> [Work instructions]:
Starting at the first line of the data, print each line verbatim up to and including the line bearing "XF009 четыре сезона", omitting pictures.
═══ Data excerpt
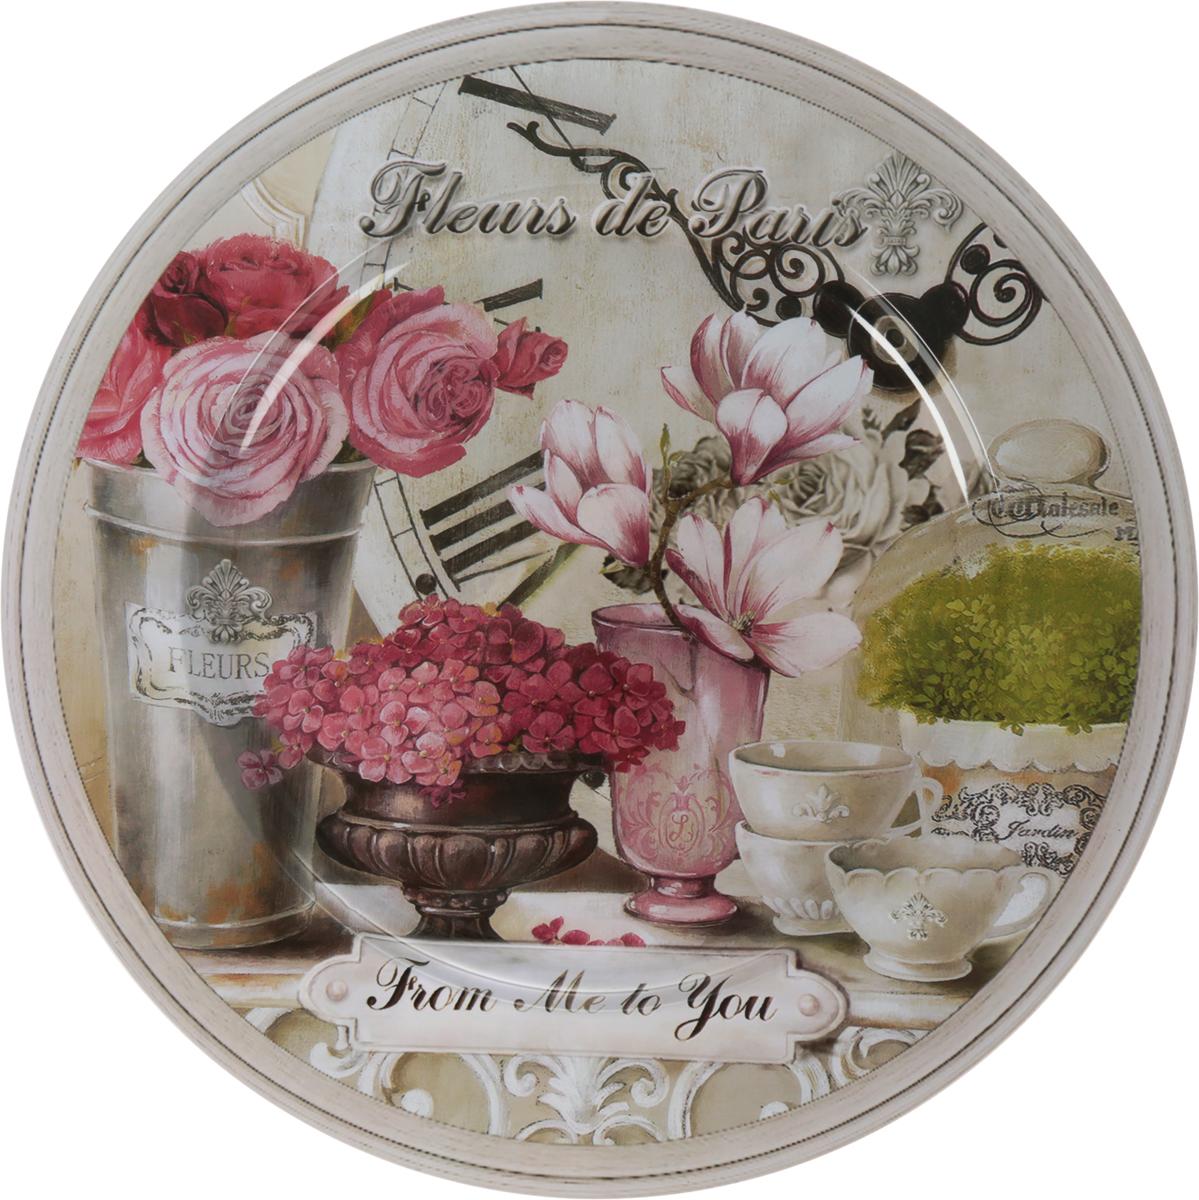 Поднос GiftnHome Парижские цветы, диаметр 33 см115610Поднос GiftnHome Парижские цветы изготовлен из жести и оформлен красочным цветочным рисунком в винтажном стиле. Декор выполнен в технике декупаж. Поднос может использоваться как для сервировки, так и для декора кухни. Поднос прекрасно дополнит интерьер и добавит в обычную обстановку нотки романтики и изящества. Диаметр: 33 см. Высота подноса: 1,5 см.
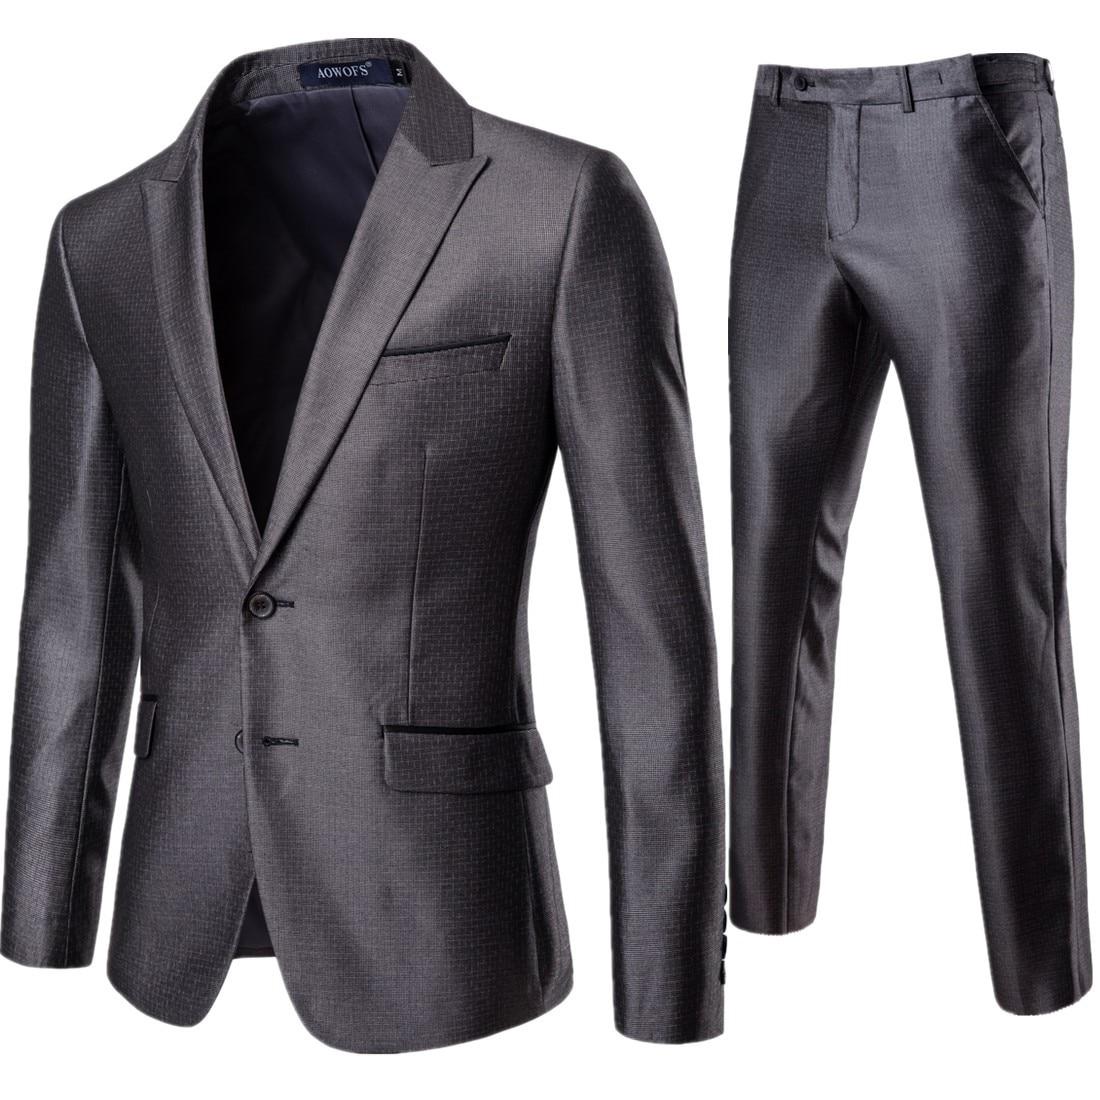 XF009 четыре сезона новый модный мужской костюм два деловые случайные костюмы жениха и жениха свадебное платье блейзер для мужчин
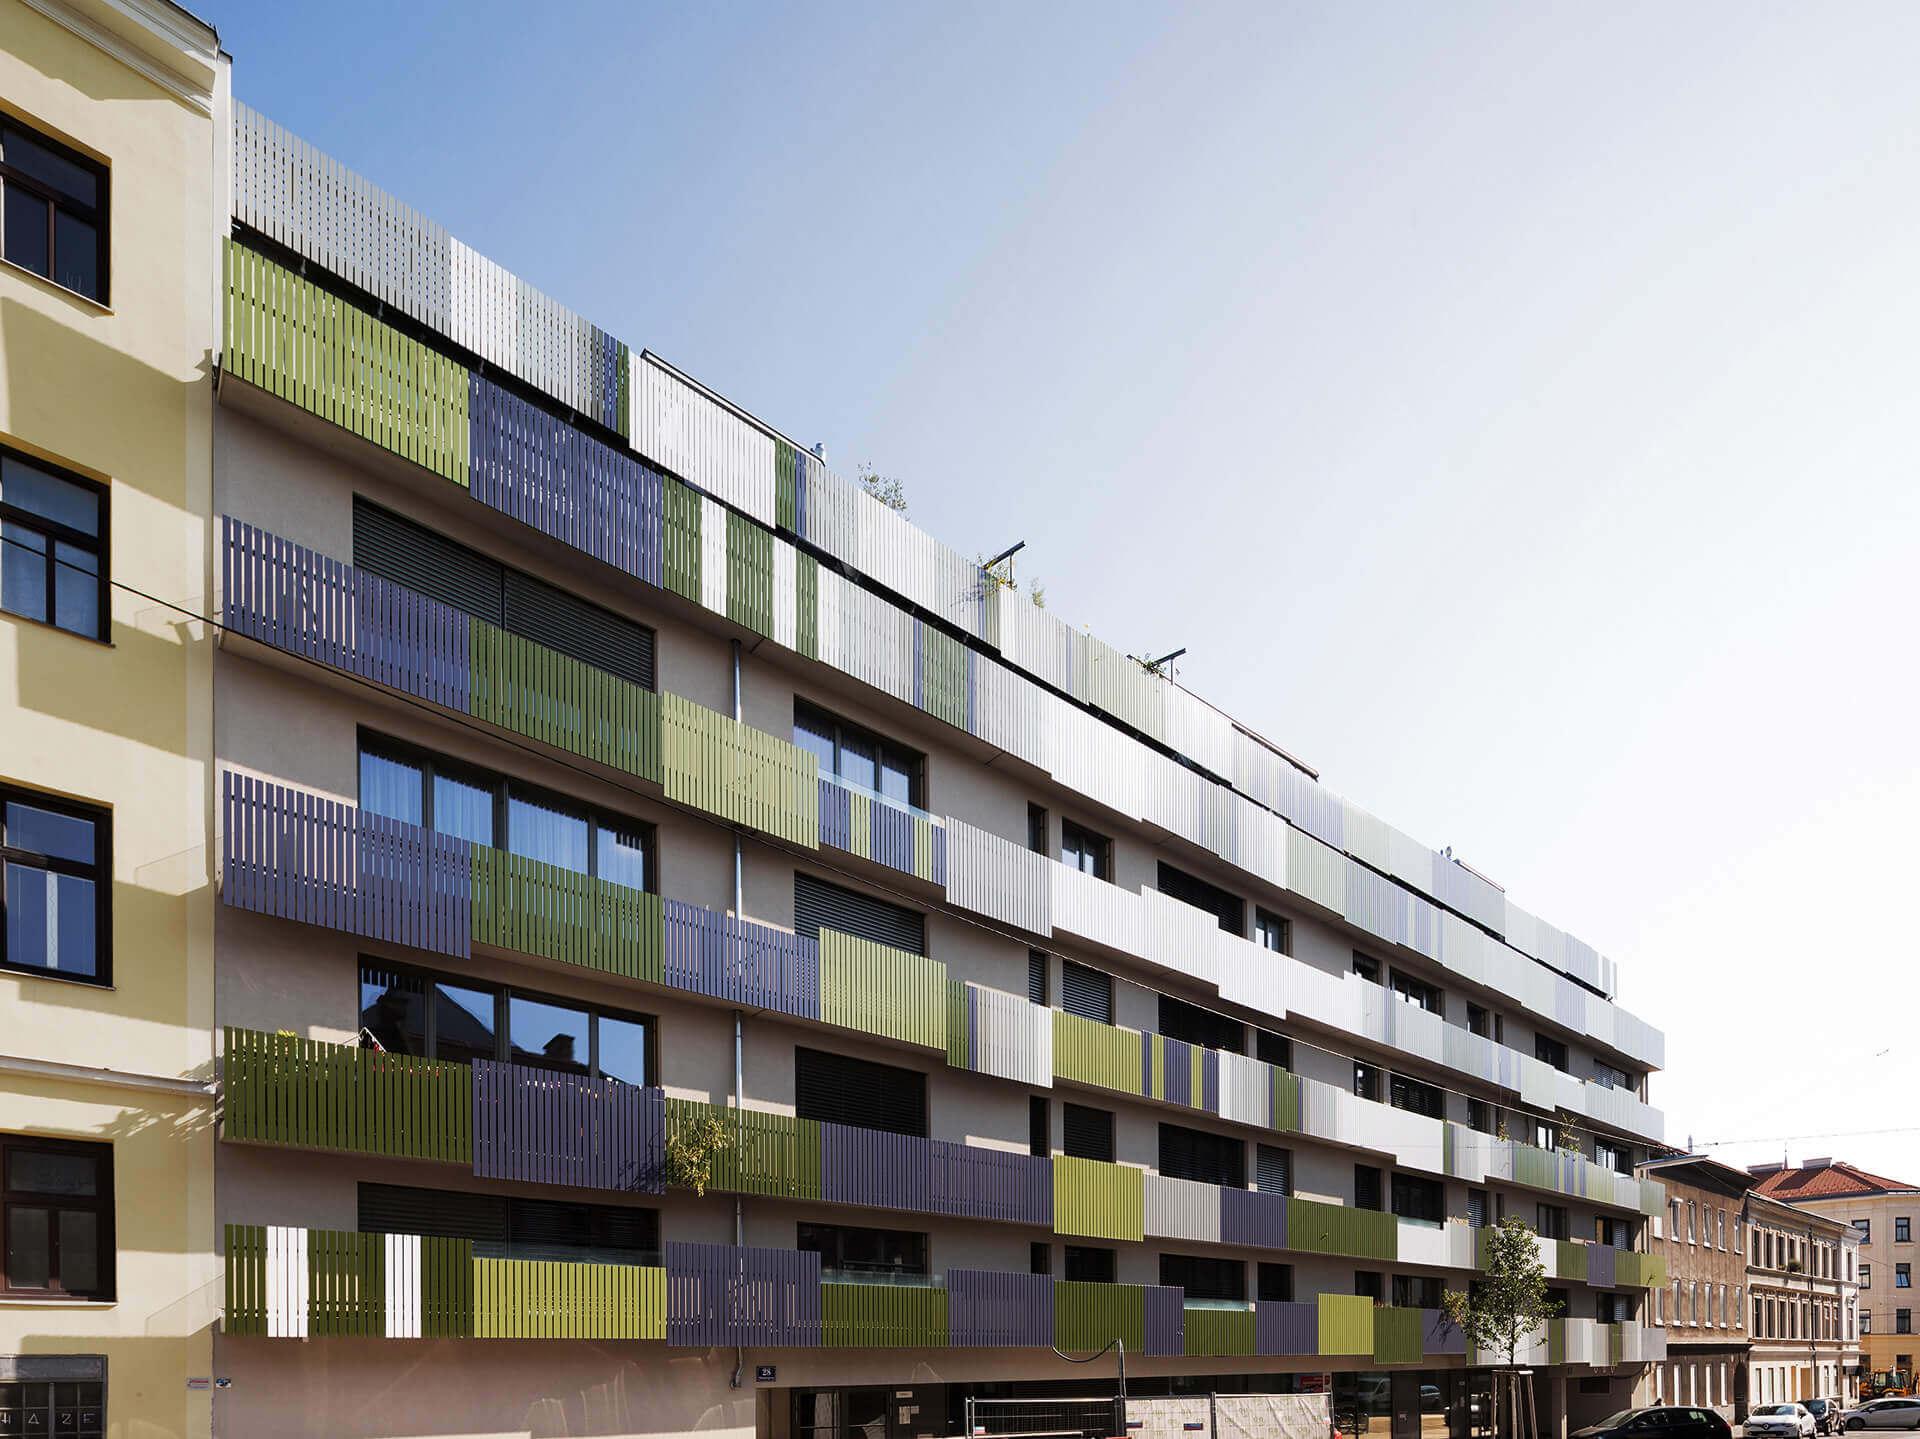 Architektur_Wien_Ottakring_Ingo_Nussbaumer_Querkraft_ODO_2017
══════
> [Exercise output]:
 Поднос GiftnHome Парижские цветы, диаметр 33 см115610Поднос GiftnHome Парижские цветы изготовлен из жести и оформлен красочным цветочным рисунком в винтажном стиле. Декор выполнен в технике декупаж. Поднос может использоваться как для сервировки, так и для декора кухни. Поднос прекрасно дополнит интерьер и добавит в обычную обстановку нотки романтики и изящества. Диаметр: 33 см. Высота подноса: 1,5 см.
 XF009 четыре сезона новый модный мужской костюм два деловые случайные костюмы жениха и жениха свадебное платье блейзер для мужчин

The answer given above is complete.